Sosialisasi Kerjasama Pengembangan Pengawasan Partisipasif Pemilu Tahun 2019 yang digelar Bawaslu Manggarai Sabtu 15 Desember 2018. (Photo : floressmart).
Floressmart—Isu politik uang menjadi salah satu tema hangat yang diangkat dalam Sosialisasi Kerjasama Pengembangan Pengawasan Partisipasif Pemilu Tahun 2019 yang digelar Bawaslu Manggarai Sabtu 15 Desember 2018. Kegiatan yang dilangsungkan di salah satu ruang pertemuan Efata Ruteng ini dihadiri belasan Wartawan yang bertugas di Manggarai, Mahasiswa PMKRI dan GMNI serta unsur intelijen TNI dan Polri.
Dari penjelasan yang disampaikan komisioner Bawaslu begitu nyata kelemahan UU No 7 Tahun 2017 tentang Pemilu dalam hal memberantas praktik politik uang. Padahal dalam UU ini terdapat sejumlah pasal khusus mengatur politik uang antara lain Pasal 278, 280, 284, 515 dan 523.
“Dapat dikatakan UU Pilkada No 10 Tahun 2016 lebih progresif ketimbang UU No 7 Tahun 2017 tentang Pemilu,” kata Alfan Manah, Komisioner Bawaslu Manggarai yang membawahi Divisi Hukum dan Penindakan Pelanggaran di Efata Ruteng, Sabtu 15 Desember 2018.

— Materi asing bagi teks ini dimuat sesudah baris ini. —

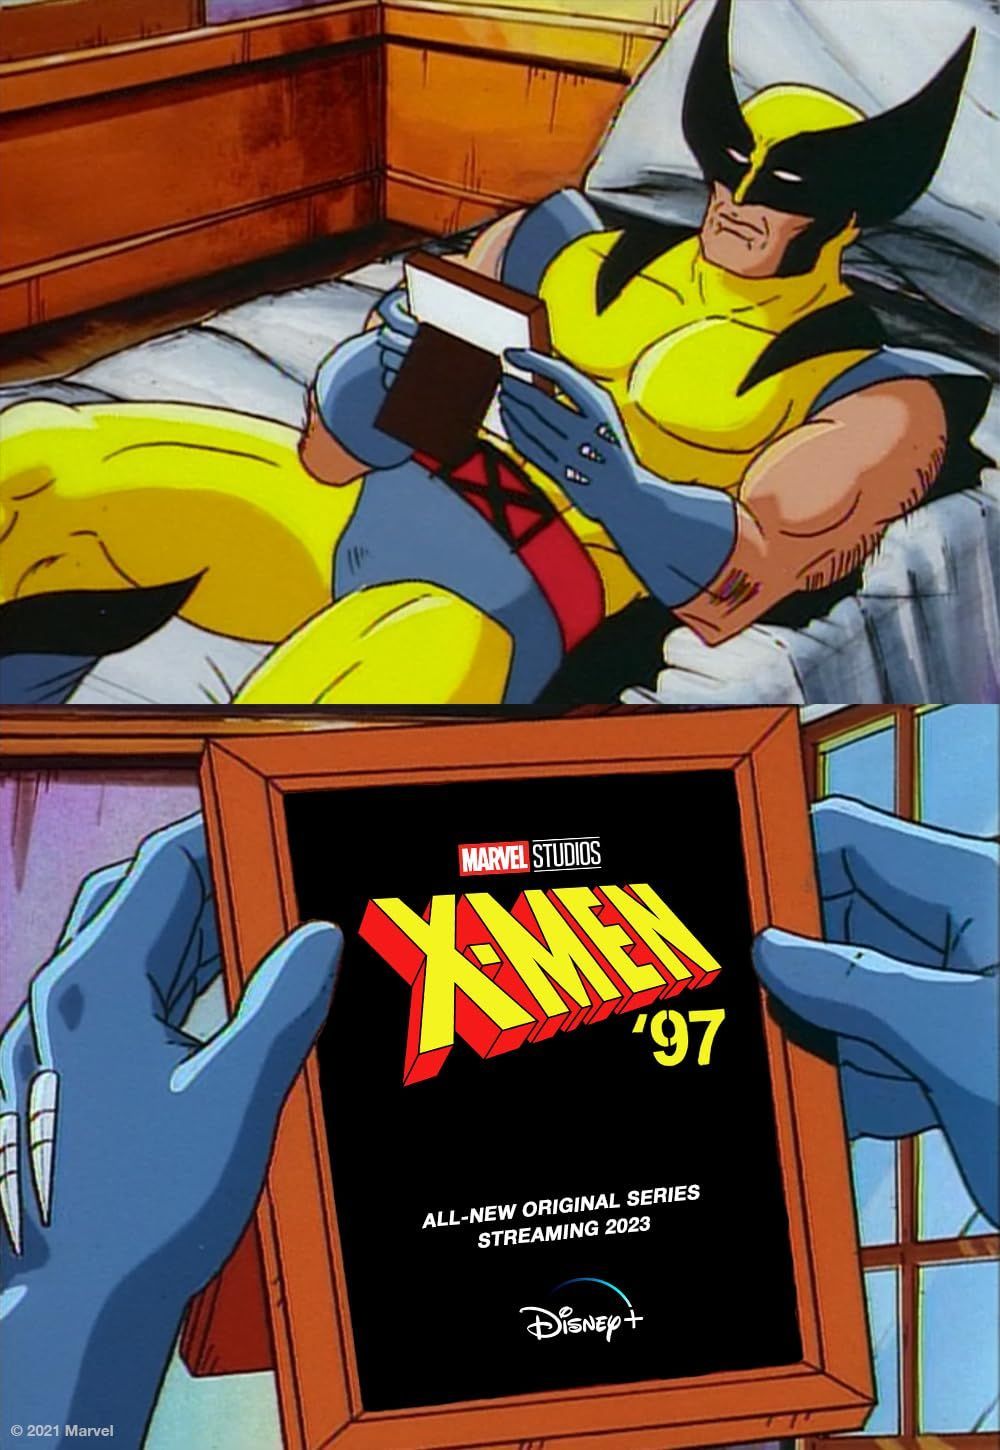 X-Men 97 (2024) Season 1 English (Episode 03) TV Series download full movie
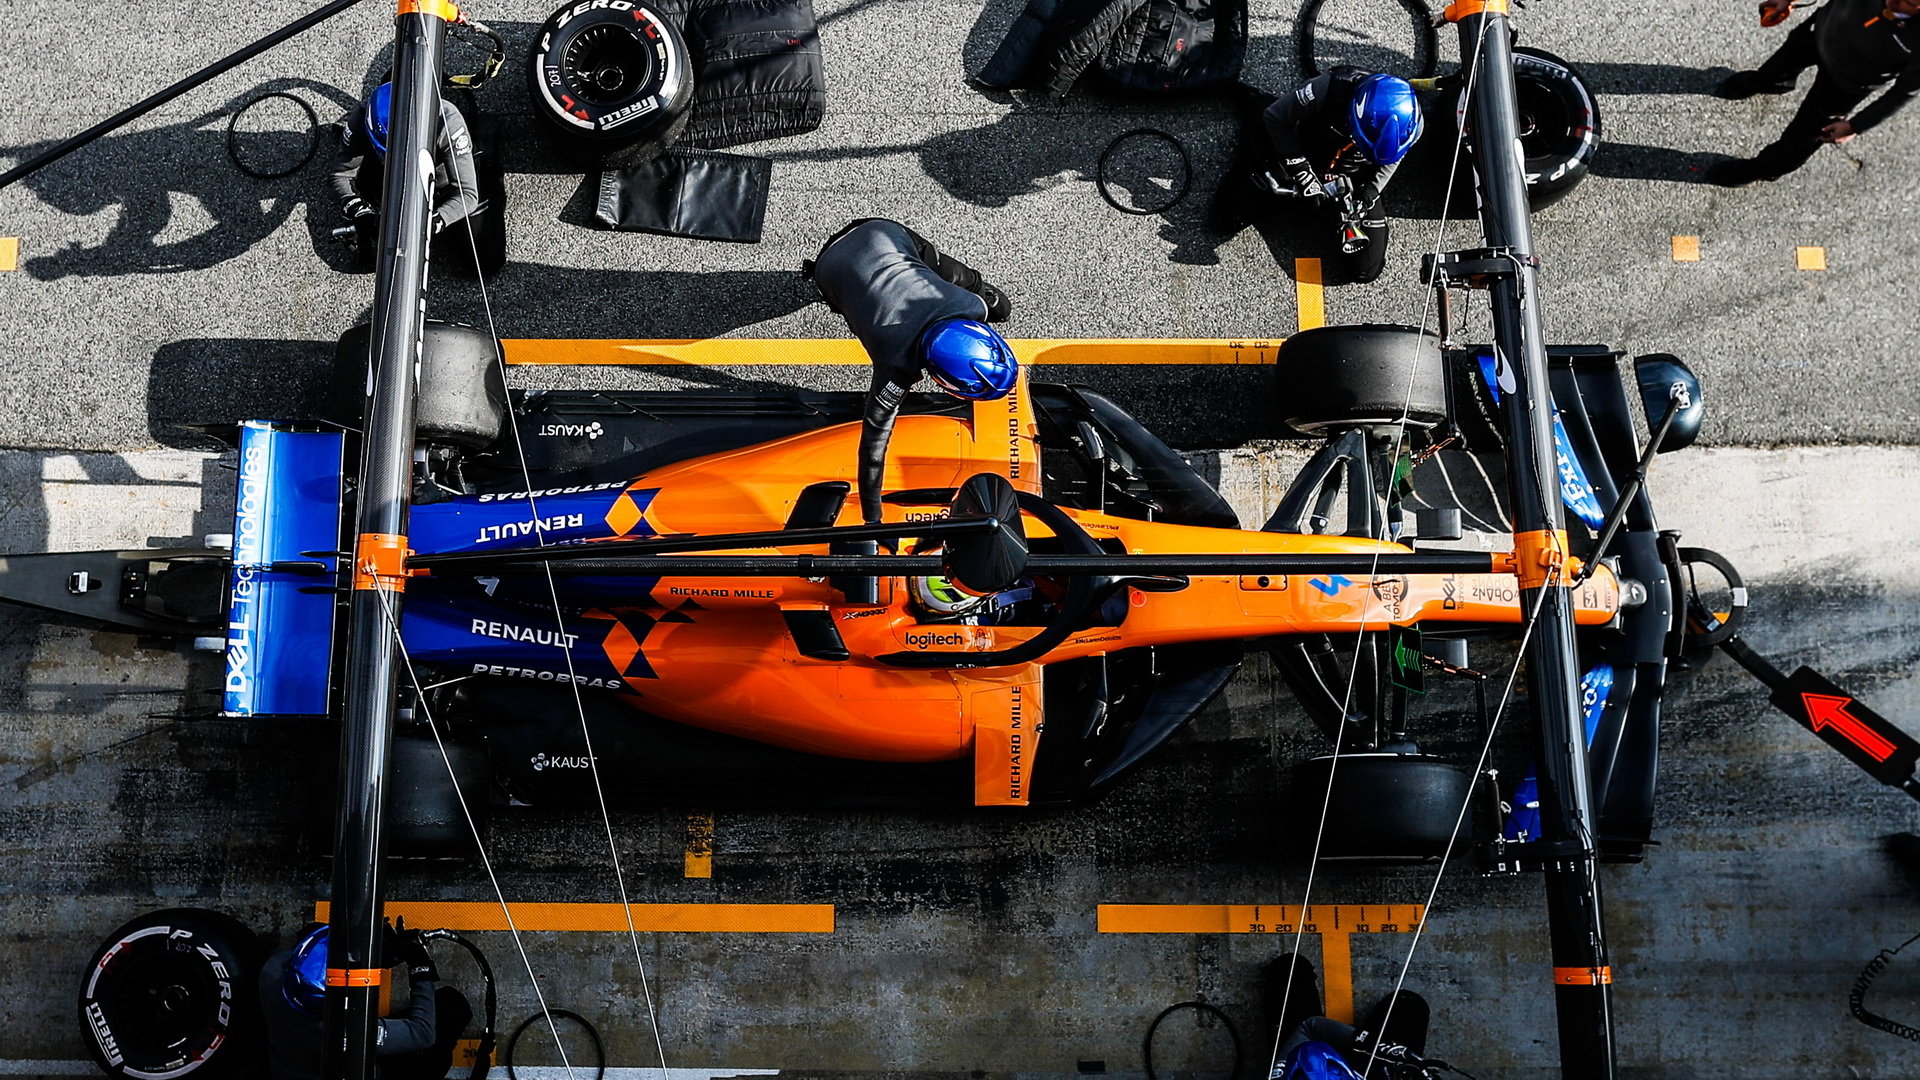 Lando Norris v novém voze McLaren MCL34 - Renault při druhém dni testů v Barceloně

Parahnya lagi, meski memiliki 77 pasal pidana pemilu namun dalam UU Pemilu subyek hukum bisa lolos dari jerat hukum karena dalam UU Pemilu, subyek hukum pemberi uang bisa dilihat dari tahapan-tahapan: kampanye, masa tenang, dan saat pemungutan suara. Begitu juga dengan besaran hukuman bervariasi mulai dari sanksi pidana 3-4 tahun hingga denda Rp36-48 juta.
Pada tahap kampanye, sebut Alfan, subyek pemberi uang yang diatur UU Pemilu hanya pelaksana, peserta, atau tim kampanye. Sementara subyek pemberi diatur lebih luas menjadi “setiap orang” baru berlaku pada hari pemungutan suara.
“Yang dilarang membagikan uang dan barang pada masa kampanye hanya peserta Pemilu dan tim sukses yang terdaftar di KPU. Ketika bukan tim resmi yang membagi-bagikan uang pada masa kampanye tidak bisa dipidana. Sementara subjek hukum ‘setiap orang’ baru berlaku pada hari pemungutan suara sehingga para pelakunya bisa dipidana dengan ancaman 4 tahun penjara,” katanya.
Probrem UU Pemilu menurut Alfan membuat para Caleg leluasa memainkan politik uang apalagi dalam konteks Pemilu 17 April 2019 masyarakat cenderung terfokus terhadap Pileg dibanding Pileg.
“Celahnya ini banyak tapi jangan kemudian itu dimanfaatkan oleh Caleg dan tim suksesnya untuk membeli suara. Selain unsur ‘setiap orangnya’ tetap kita kejar yakni Calegnya,” lanjut Alfan Manah sambil menyatakan Bawaslu Manggarai terus mengaktifkan fungsi-fungsi pengawasan hingga ke kampung-kampung.
Salah satu langkah yang diambil untuk mengatasi keterbatasan aturan yang ada dalam UU Pemilu cetus Alfan yakni mendorong pengawasan partisipasi masyarakat menjadi gerakan bersama tolak politik uang.
Ia pun menghimbau agar masyarakat berani menjadi saksi dan membuat laporan ke Bawaslu Manggarai bila melihat langsung atau mengetahui adanya praktik politik uang yang terjadi di lingkungan masing-masing.
“Apabila mengetahui dan melihat langsung pelanggaran Pemilu supaya datang melapor ke Bawaslu. Prinsipnya buat laporan resmi karena untuk menjerat pelaku harus memenuhi syarat formil dan materil. Kalau tidak bersifat laporan resmi, keluarnya paling sanksi administrasi berupa teguran,’’
“Jangan sampai laporan diajukan lebih dari 7 hari dari saat ia melihat praktik bagi-bagi uang awas kadaluarsa. Setiap laporan yang masuk kita langsung dikaji dalam 1×24 jam untuk menguji apakah unsur formil dan materilnya terpenuhi. Kalau belum kita kasih waktu untuk lengkapi. Laporan yang memenuhi syarat formil materil akan direkomendasikan untuk diproses secara pidana di Sentra Gakumdu,” urainya (js).